The term reactive or Reactive ProgrammingÂ (RP)Â has been in use at least since the paper, The Reactive Engine was published by Alan Kay in 1969. But the thought behind Reactive Programming is the result of the effort taken by Conal Elliot and Paul Hudak who published a paper Function Reactive Animation in 1997. Later on, the Function reactive animation was developed, which is also referred to asÂ functional reactive programming (FRP). FRP is all about the behavior and how the behavior is changing and interacting on the events. We will discuss FRP more in the next chapter. Now, let's only try to understand Reactive Programming.
RP designs code in such a way that the problem is divided into many small steps, where each step or task can be executed asynchronously without blocking each other. Once each task is done, it's composed together to produce a complete flow without getting bound in the input or output.

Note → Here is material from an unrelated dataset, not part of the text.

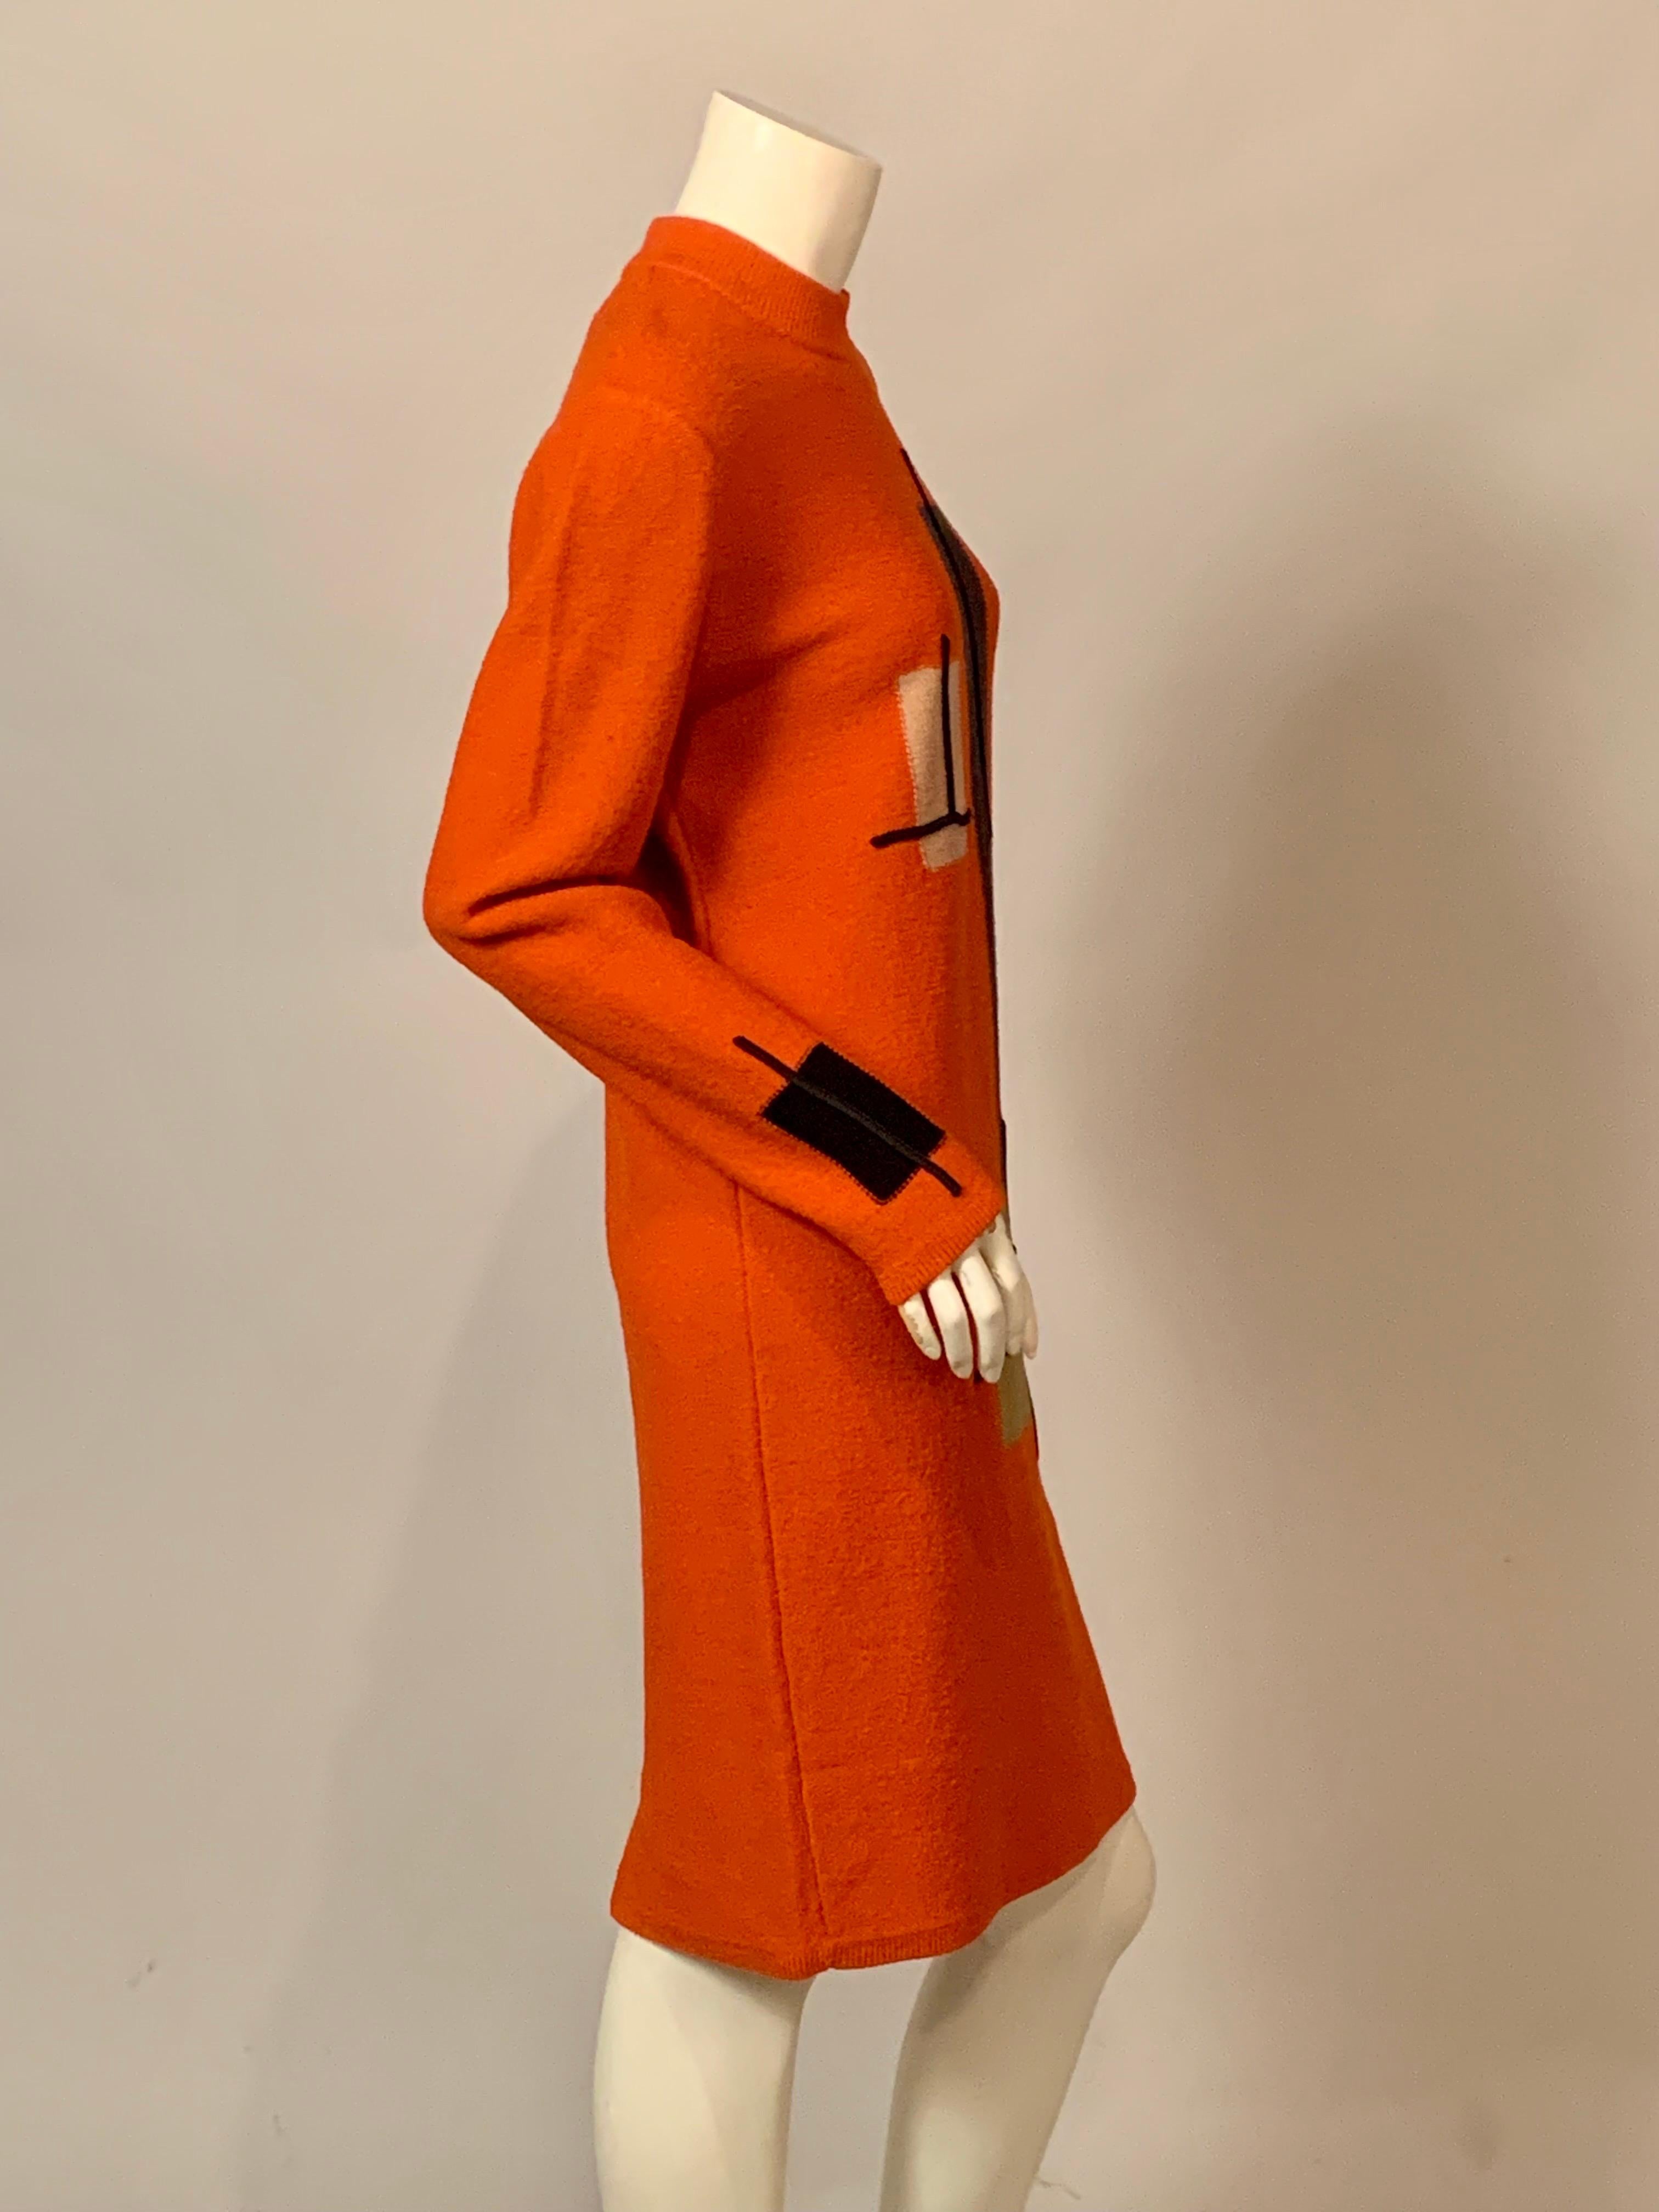 Steve Fabrikant Modernist Inspired Orange Knit Dress 1

RP ensures it matches the requirements of the everyday changing market and provides a basis for developing scalable, loosely coupled, flexible, and interactive applications. A reactive application focuses on the systems that react to the events, the varying loads, and multiple users. It also reacts effectively to all the conditions, whether it's successful or has failed to process the request. The Reactive system supports parallel programming to avoid blocking of the resources in order to utilize the hardware to its fullest. This is totally opposite to the traditional way of programming. Reactive Programming won't keep the resources busy and allows them to be used by other components of the system. Reactive systems ensure they provide features such as responsiveness, resilience, elasticity, scalability, and a message-driven approach. Let's discuss these features one by one.
Responsiveness is the most important feature of an application and ensures quick and effective responses with consistent behavior. This consistent behavior ensures the application will handle errors as well.

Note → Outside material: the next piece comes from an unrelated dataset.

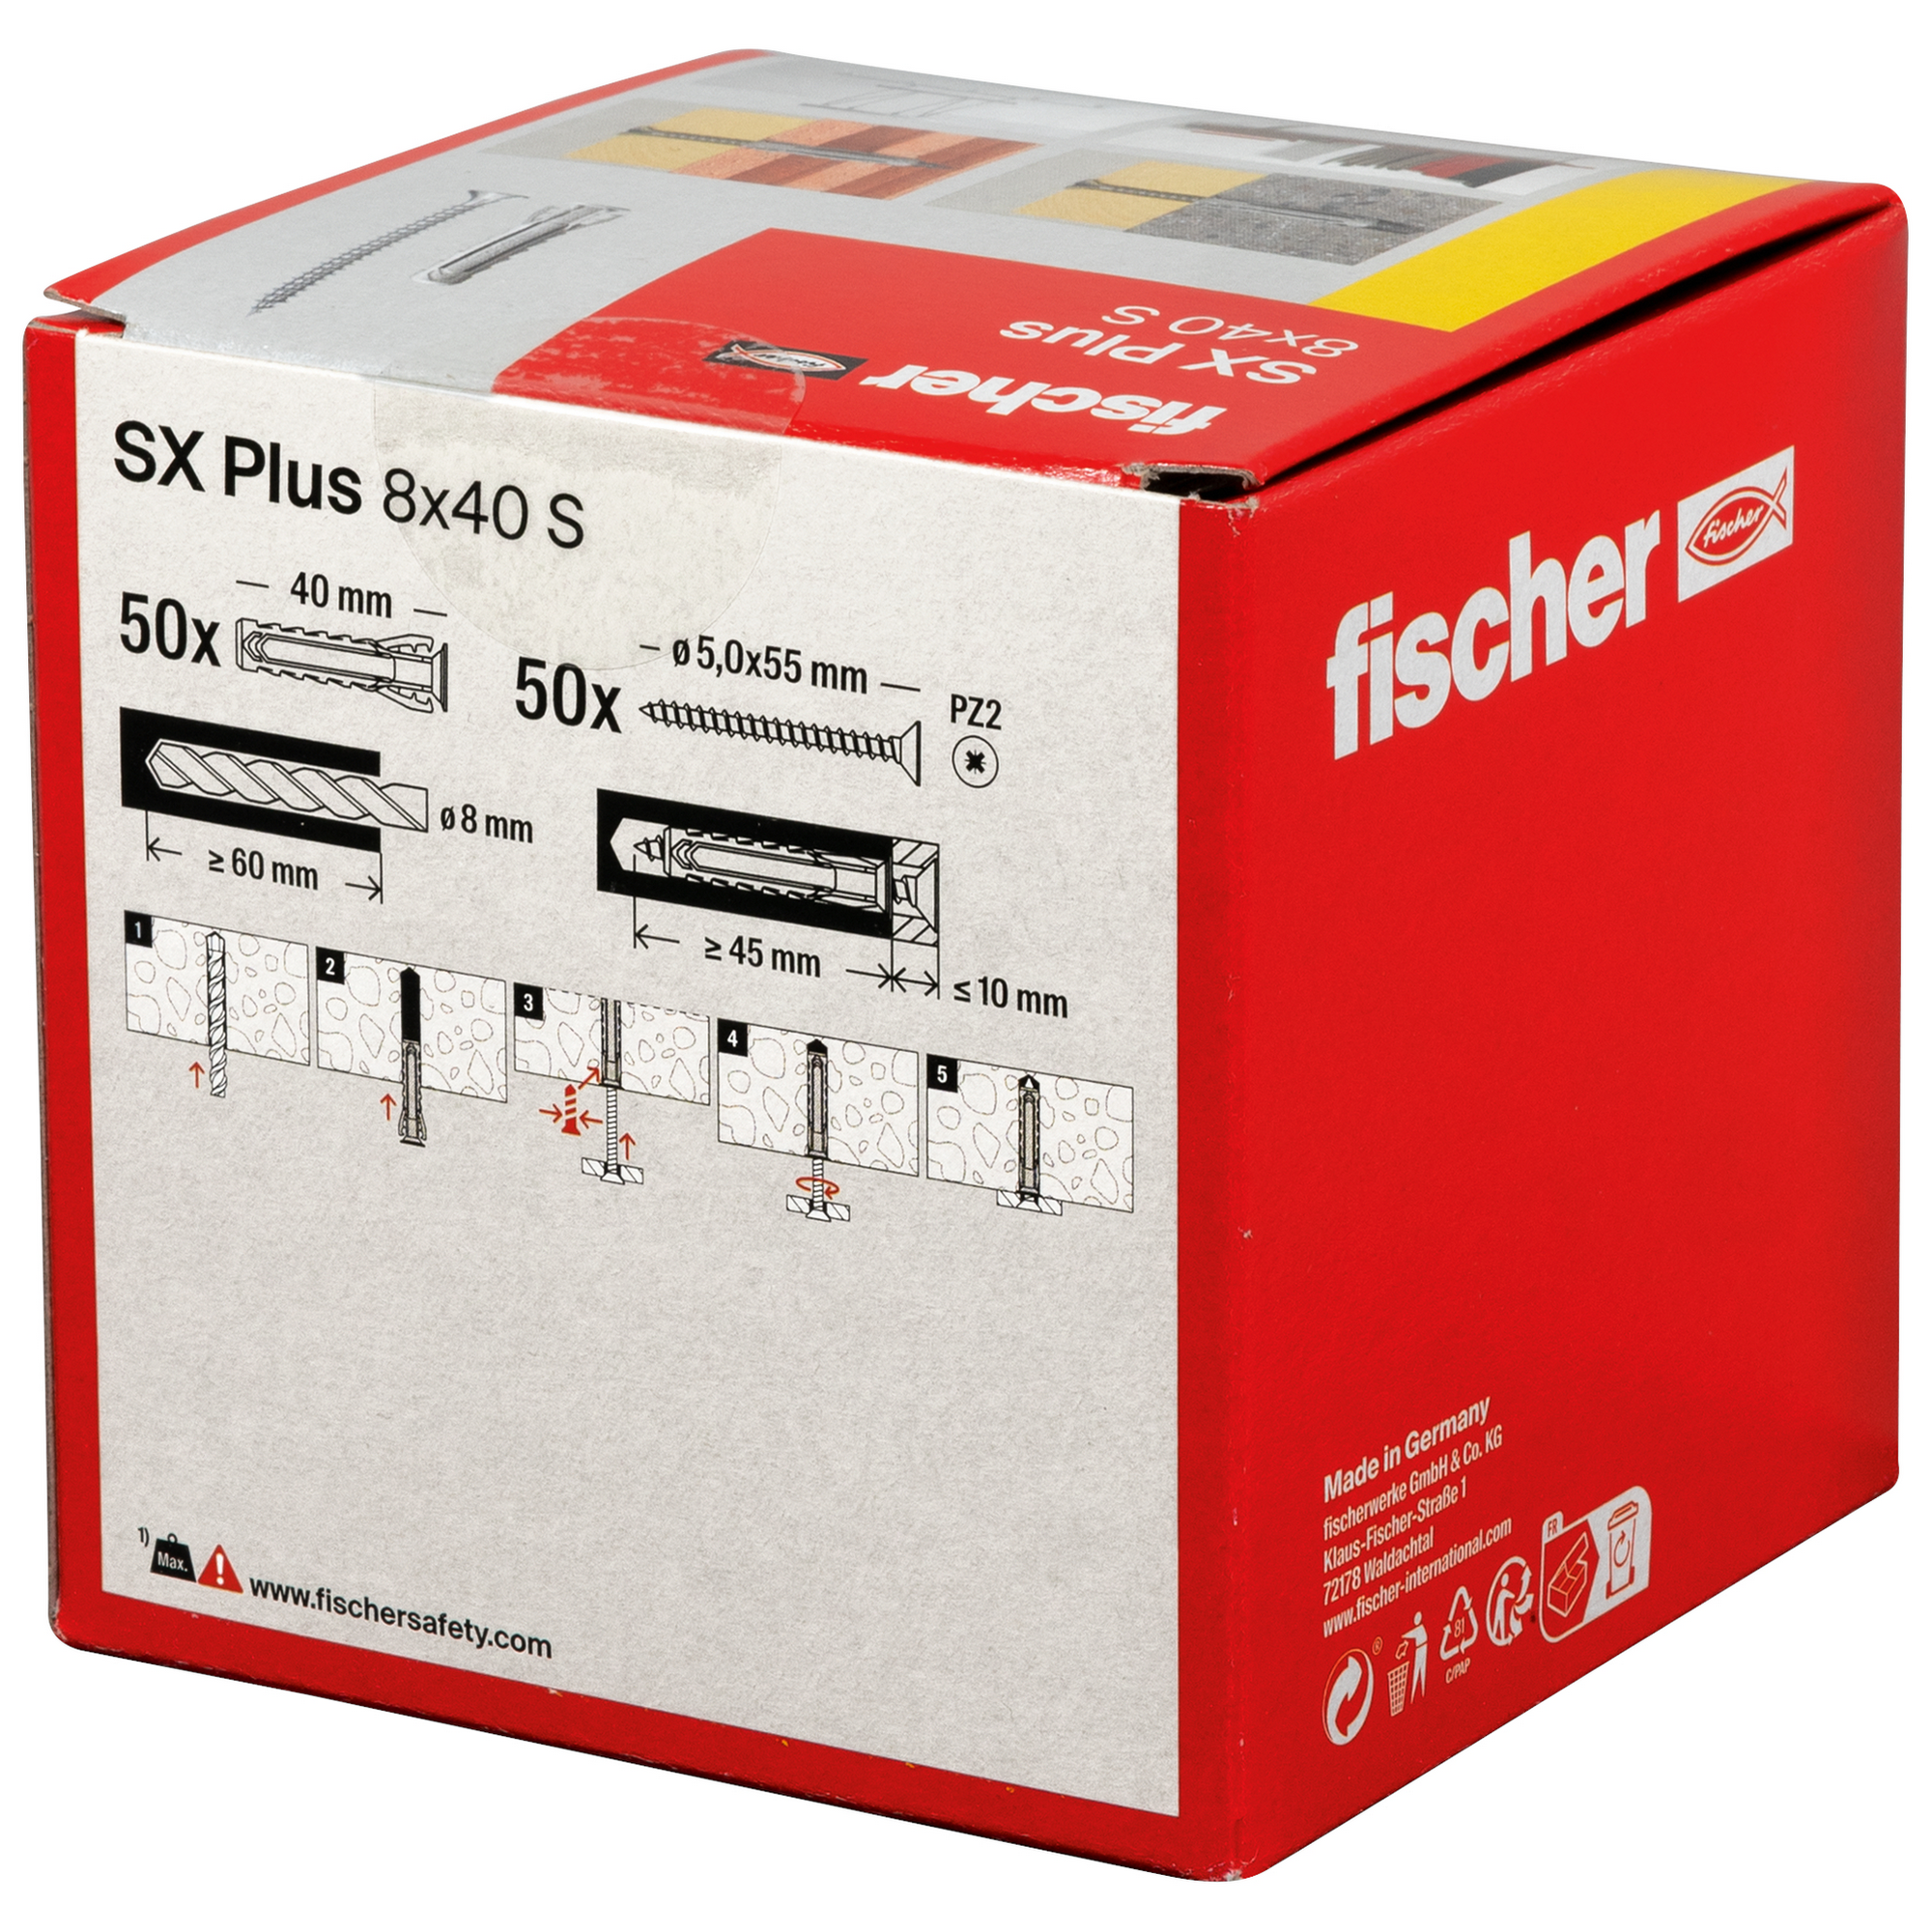 Spreizdübel-Set 'SX Plus' Ø 8 x 40 mm S mit Schraube, 50-teilig + product picture

Applications that delay in giving a response are regarded by the users as not functioning well, and soon they start ignoring them. Responsiveness is a major feature required in today's applications. It optimizes resource utilization and prepares the system for the next request. When we open a web page that has too many images, it usually takes more time to open the images, but the content of the page gets displayed before the images. What just happened? Instead of keeping the user waiting for the web page, we allowed him/her to use the information and refer to the images once downloaded. Such applications are called more responsive applications.

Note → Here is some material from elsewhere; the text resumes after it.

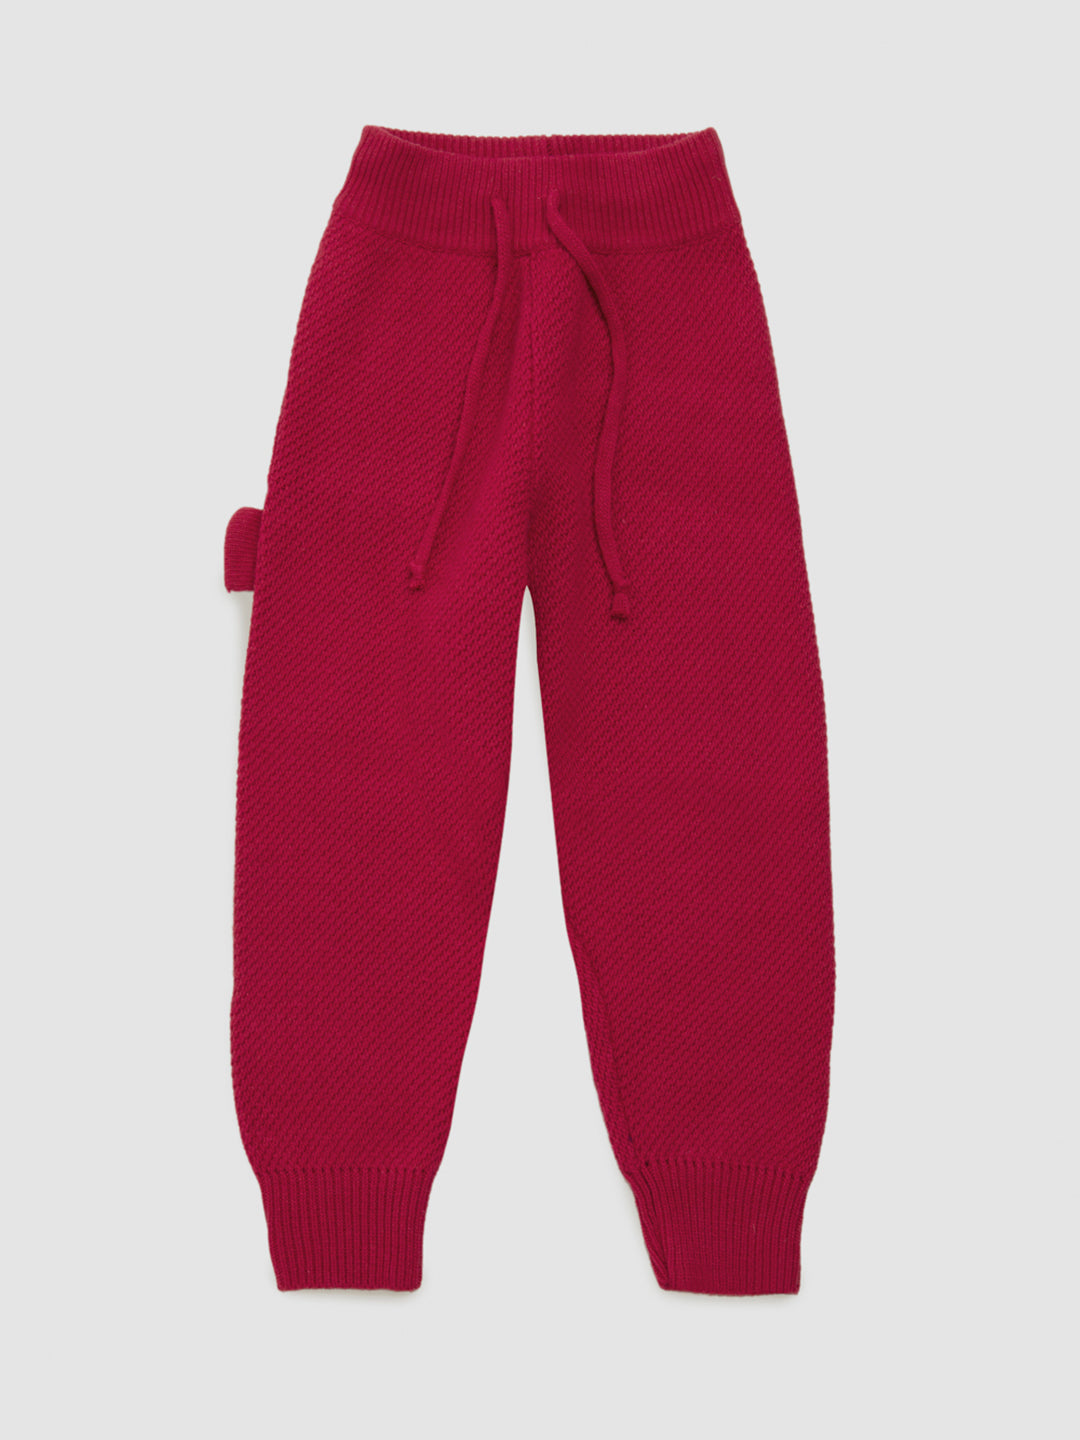 Pink Knitwear Trousers

For resilience, the application will be responsive even in the event of a failure, making it resilient. Let's consider a situation. We have requested for data from the server. While the request is getting processed, the power supply fails. Obviously, all the resources and the data coming from the server as a response will suddenly become unavailable. We need to wait until the power supply is restarted and the server starts taking the load again. What if the server has an alternative power supply in case the main supply fails. Yes, no one has to wait as the alternative supply keeps the server running and enables it to work without fail. All of this happens only because the alternative supply replaces the main power supply. It's a kind of clustering. In the same way, the application may be divided into components that are isolated from each other so that even if one part of the system fails, it will recover without any kind of compromise, providing a complete application experience.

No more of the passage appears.